Sambil seloroh, Pak Wapres menyatakan bahwa orang-orang yang dengan cara biasa tidak bisa masuk surga karena dosa-dosanya, lalu mendapatkan tawaran cara cepat masuk surga melalui jihad, maka bisa jadi orang tersebut sangat bersemangat untuk berjihad. Bahkan agar seseorang memiliki keberanian di dalam berperang, terkadang harus minum khamar dulu, sehingga keberaniannya menjadi berlipat-lipat.
Yang sering kali tidak diperhitungkan oleh Negara-Negara Barat adalah mengenai kekuatan ideology keagamaan ini. Dahulu diperkirakan dengan kehancuran kekuasaan Saddam Hussein, maka para pengikutnya akan bertekuk lutut. Akan tetapi ternyata bahwa dugaan tersebut salah, sebab hingga hari ini pengikut Saddam Hussein masih berjihad dengan caranya sendiri.

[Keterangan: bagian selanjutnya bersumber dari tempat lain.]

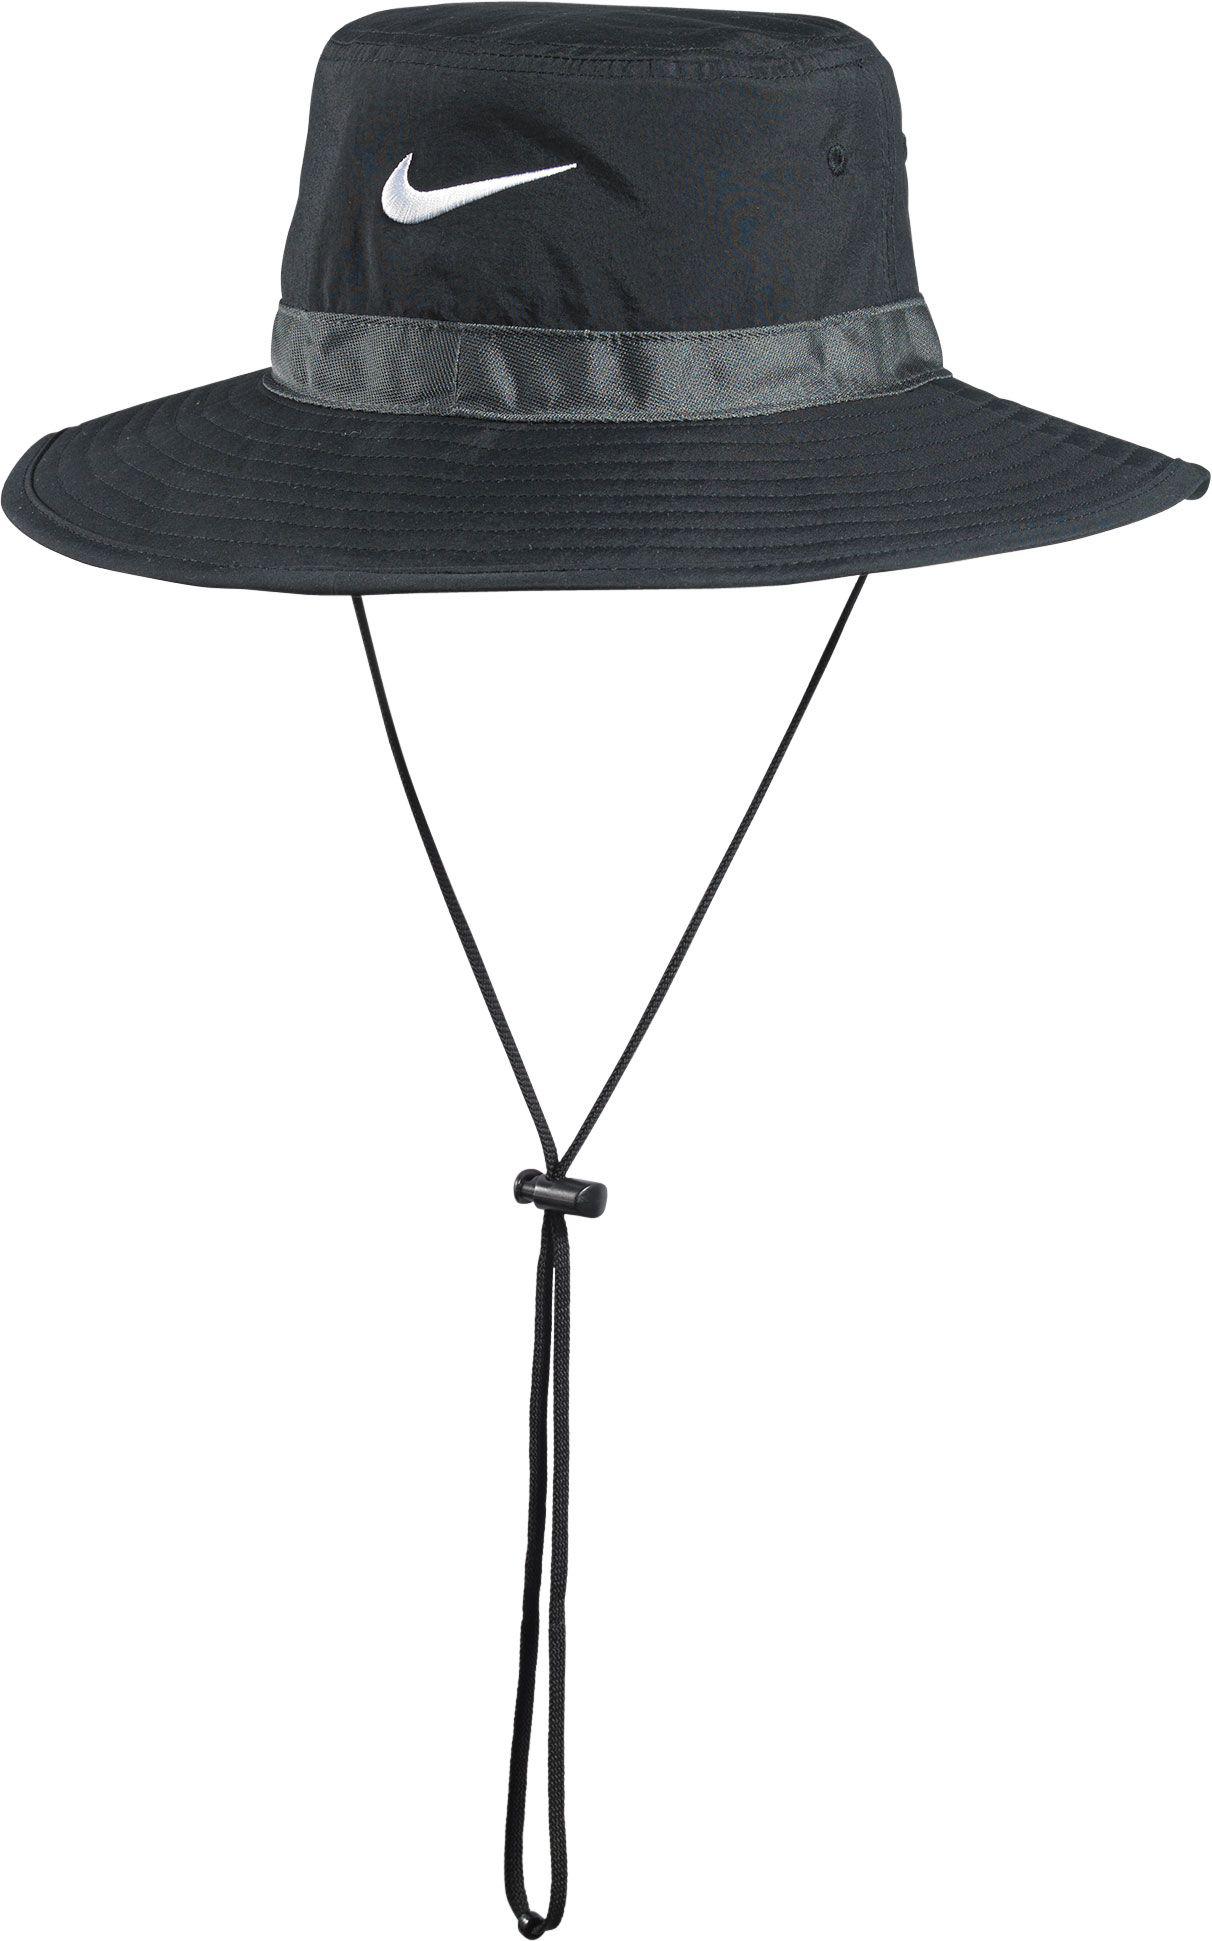 Nike Synthetic Sideline Bucket Hat in Black for Men - Lyst

Perlawanan terhadap kaum Syiah di Timur Tengah ternyata dipicu oleh adanya dugaan bahwa Syiah akan menguasai terhadap Mekkah dan Madinah. Madinatul Haramain ini dianggap sebagai pusat bagi kekuatan Islam ahlu Sunnah wal Jamaah dan sekaligus juga pusat ritual ibadah haji. Jika dua kota ini dikuasai oleh Iran, maka akan terjadi kehancuran kaum ahlu sunnah wal jamaah. Disebabkan oleh informasi seperti ini, maka Negara-Negara Islam yang berhaluan ahlu sunnah wal jamaah lalu bersama-sama membentuk barisan anti Syiah.
Di tengah kekisruhan politik di Timur Tengah ini, maka datanglah yang menyebut dirinya sebagai Amir Mu’minin, Abu Bakar Al Baghdadi, yang sebenarnya seorang preman, yang pernah berguru kepada Usamah bin Ladin. Dia datang kembali ke negaranya dan memproklamirkan berdirinya Negara Islam, yang disebutnya sebagai Islamic State (IS) atau Islamic State of Iraq dan Syria (ISIS) yang ternyata kebanyakan pengikutnya adalah mantan penganut setia Saddam Hussein, yang hingga sekarang masih tetap eksis.
Kekuatan ideology Islam inilah yang menggerakkan sebagian kaum muslimin sebagaimana di Iraq dan Syria untuk terus berperang melawan siapa saja yang dianggap musuhnya. Siapa yang menguasai jargon ideology Islam, maka dia yang akan memiliki pengikut yang banyak. Ketertarikan sebagian kecil masyarakat Indonesia terhadap gerakan ISIS adalah karena kesamaan jargon perjuangan untuk menegakkan daulah Islamiyah (DI).
Itulah sebabnya, Islam Indonesia harus tampil ke depan untuk memimpin dunia. Islam Indonesia adalah contoh terbaik tentang bagaimana Islam dapat menjadi lokomotif bagi tumbuh kembangnya demokrasi dan kemajuan.
Ke depan, makanya harus ada lembaga pendidikan yang dapat menjawab tantangan zaman yang justru dipertaruhkannya kepada Islam Indonesia. Tidak ada lain yang harus diperbuat dalam waktu secepatnya adalah mendirikan pendidikan tinggi yang iconik dan memiliki jangkauan wawasan yang luas dan keislaman yang mendalam.
Harus dimulai dari sekarang. Mumpung orientasi negara berpihak kepada hal ini.